More than ever, mutual thrifts are being targeted by depositors who try to force their conversions to publicly traded companies, industry insiders said.
Now one is fighting back.
Spencer Savings Bank in Elmwood Park, N.J., has filed a lawsuit accusing one of its depositors, the well-known activist investor Lawrence B. Seidman, of trying to seize control of the $1.8 billion-asset thrift illegally, so he could then force it to go public.

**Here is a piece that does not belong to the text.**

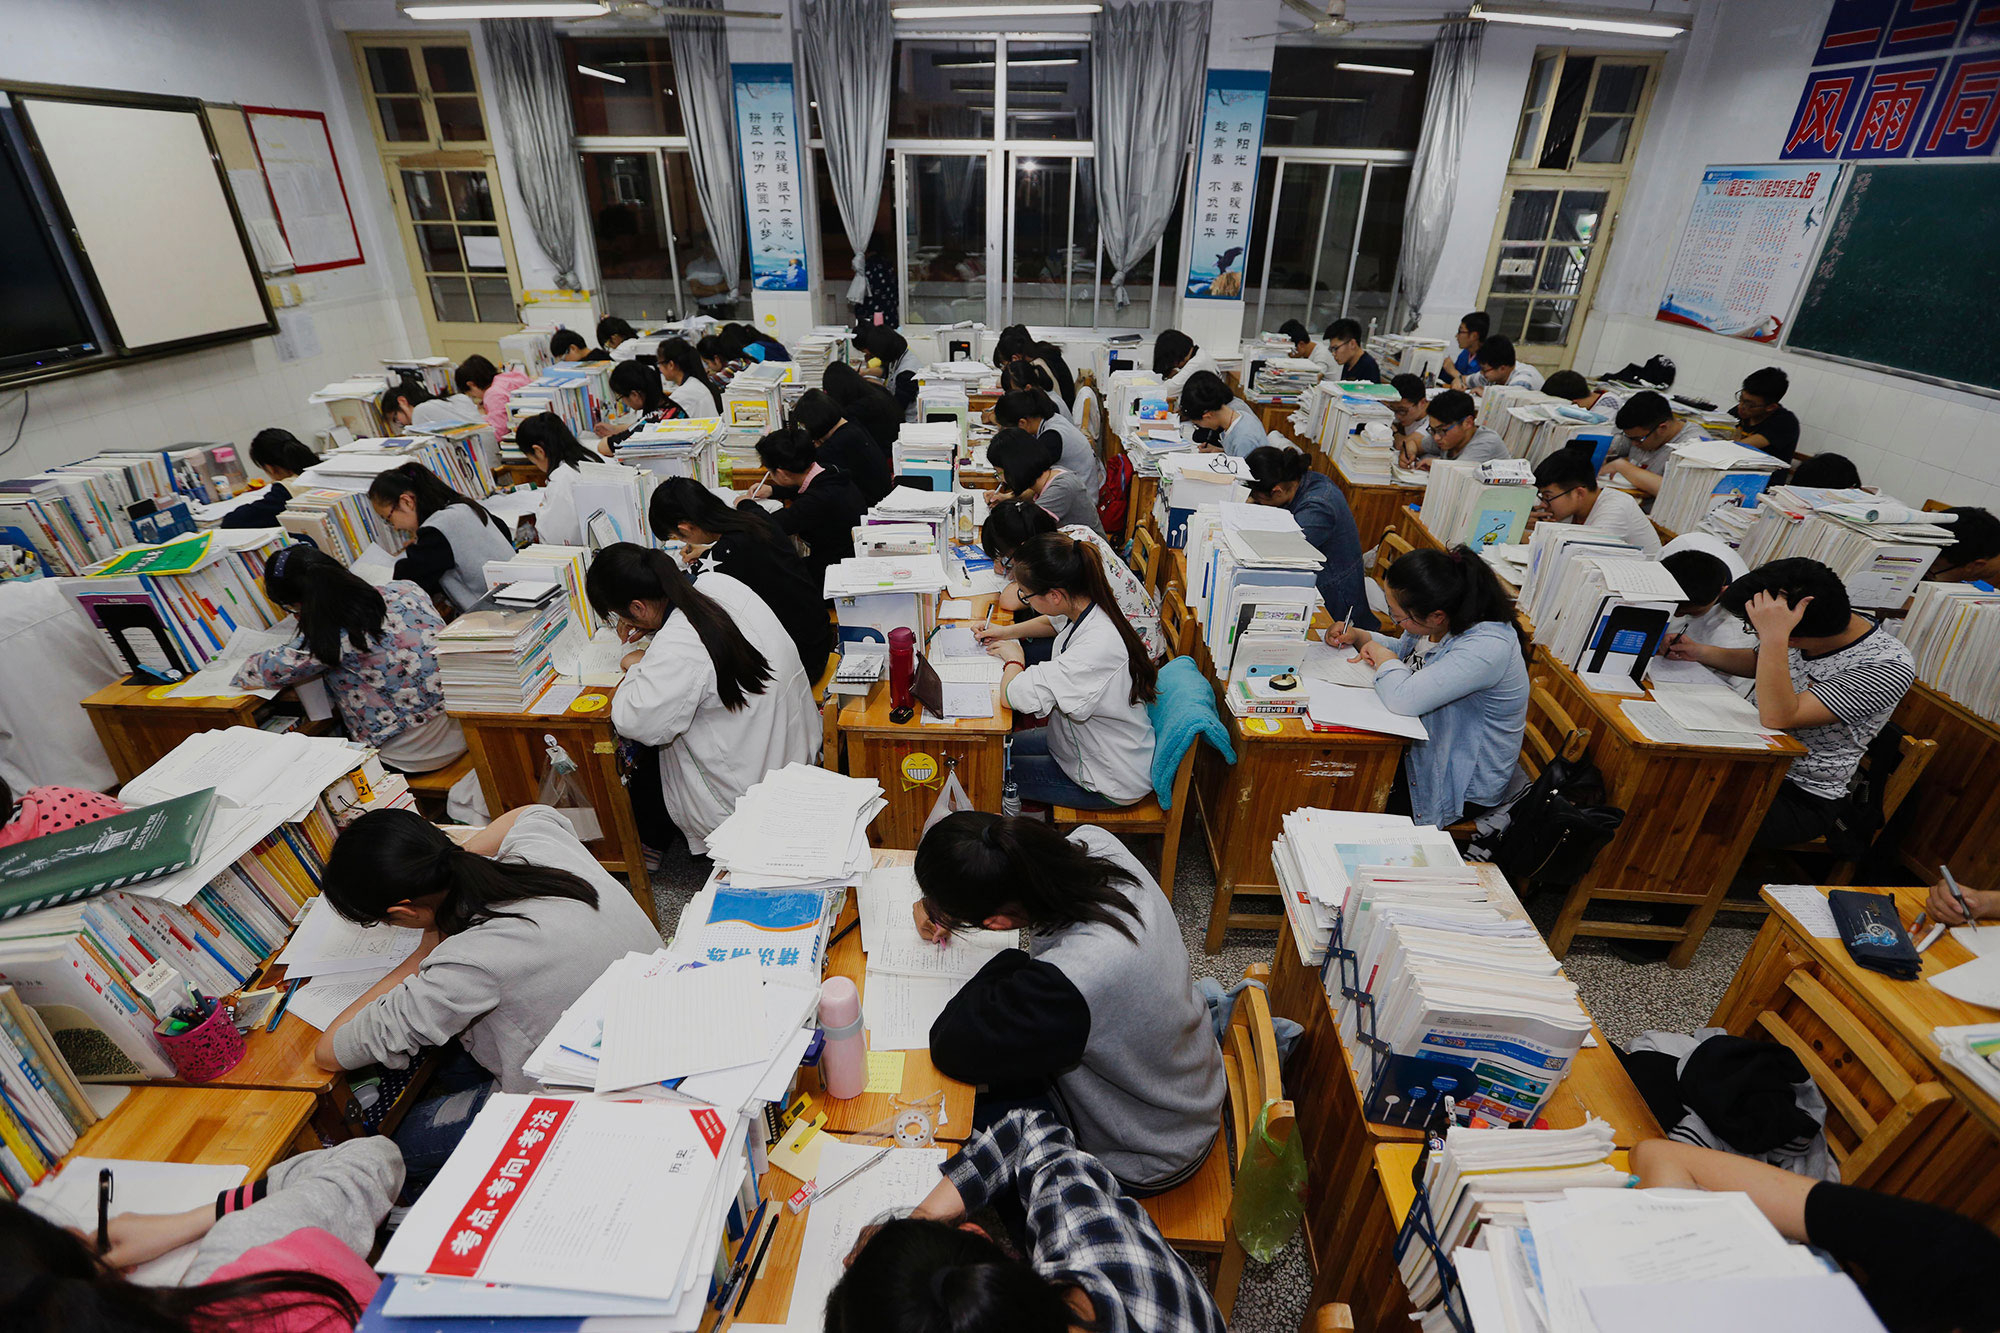 Is there good education in China?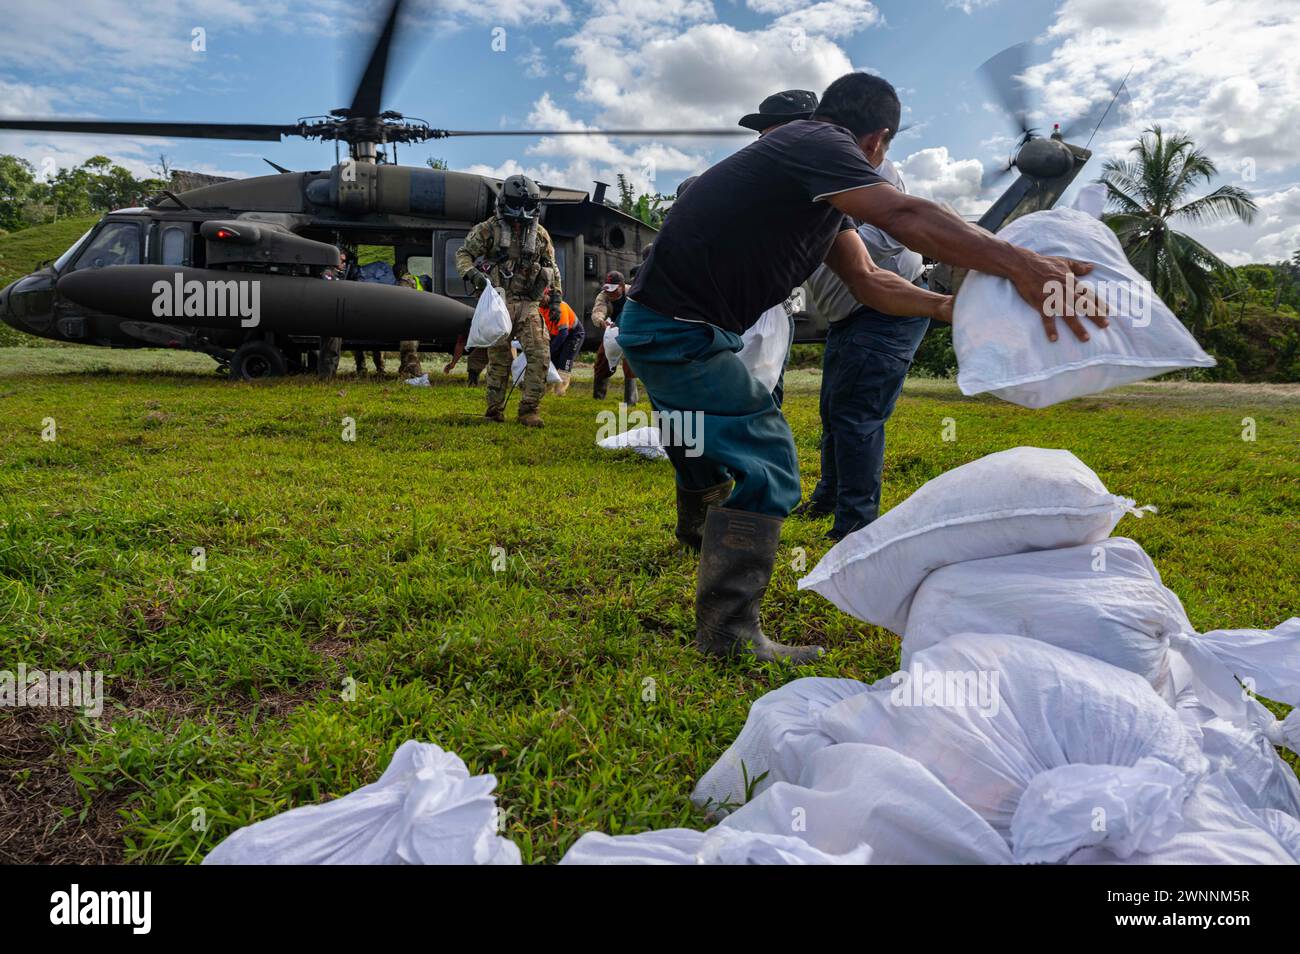 Rambala, Panama. 29 February, 2024. U.S. Army soldier and Panama civilians unload food and structural materials from a UH-60 Blackhawk helicopter during Exercise PANAMAX, February 29, 2024 near Rambala, Panama, Feb. 29, 2024. During the exercise the 1-228th Aviation Regiment transported over 500 thousand pounds of equipment including food and supplies as well as medical team to care for local residents.  Credit: TSgt. Nick Erwin/US Army/Alamy Live News Stock Photo

"Mr. Seidman views Spencer as a commodity to be bought and sold in the marketplace," Jose Guerrero, Spencer's chairman, president, and chief executive officer, said in a statement announcing the lawsuit last week. "We reject such a view, as Spencer exists to serve a larger community purpose than individual investor gain."
The thrift argues that Mr. Seidman's tactics are a violation of a federal law that prohibits outsiders from gaining control of a mutual savings institution.
The suit is believed to be the first in which a mutual thrift had sued a depositor on such grounds - and Robert R. Davis, the managing director for government relations at America's Community Bankers, which counts more than 90% of the nation's mutual thrifts as members, said the case is likely to be watched closely by executives at other mutuals.
More and more of the trade group's members are under pressure from "activist depositors" to convert to stock-owned companies, Mr. Davis said.
It is easy to see why.
Mutual thrifts that go public are required to give depositors first dibs on stock offerings, and those offerings can be lucrative. Chicopee Bancorp Inc. in Massachusetts went public at $10 a share on July 20, and its stock price rose nearly 45% in its first day of trading. ViewPoint Financial Group in Plano, Tex., went public in October, also at $10 a share, and the stock shot up 50% on its first day of trading. Late Monday it was trading at $17.25 a share, or 72% above the initial offering price.
Investors also can make handsome profits if a converted mutual eventually sells itself - as the majority of them do.
Spencer's complaint, filed in the U.S. District Court for New Jersey, accuses Mr. Seidman of scheming with colleagues to seize control of the thrift by influencing its directors and by trying to obtain board seats.
It argues that, under the Savings and Loan Holding Company Act, a mutual savings institution is a special legal entity that exists to benefit the community and therefore cannot be taken over by outside interests.
Mr. Seidman conceded that he has worked toward getting board nominations for other people by trying to collect signatures from Spencer depositors on a petition. However, he also said he does not believe he did anything illegal.
"I thought that's what democracy was," he said.
Mr. Seidman had not heard about the suit until called for a comment about it, and he took the news in stride. "No big deal," he said.
Mr. Seidman is familiar with court battles, having brought numerous lawsuits against banking companies where he is a shareholder. He also has sued Spencer, claiming in a 2004 suit that it breached its fiduciary duty when it changed its bylaws to increase the percentage of members needed to nominate a candidate for the board after he decided to run for a board seat.
The suit also accuses Spencer of corporate waste for paying for Mr. Guerrero to attend a board retreat in Spain. A judge has yet to issue a ruling in the case.
Mr. Seidman also is involved in proxy fights with two other New Jersey companies: Yardville National Bancorp in Hamilton and Center Bancorp Inc. in Union.
Spencer's complaint cites his long history of shareholder activism, saying 16 of the 17 thrifts in which he has invested since 1989 decided to sell themselves within two years of his initial involvement. (The most recent example on the list is First Federal Bancshares Inc. of Colchester, Ill. It agreed in November to sell itself to Heartland Bancorp Inc. in Bloomington for about $28.6 million in cash.)
The complaint accuses Mr. Seidman of orchestrating "wolfpack tactics" with other investors to antagonize companies until he gets his way.
"Mr. Seidman may have been successful in the past in the use of his confederates to acquire control of public stock companies, but these are not tactics which the law permits to be used against mutual institutions like Spencer," Mr. Guerrero said in the press release.
A spokesman said Mr. Guerrero would not comment beyond the press release and referred questions to Spencer's attorneys.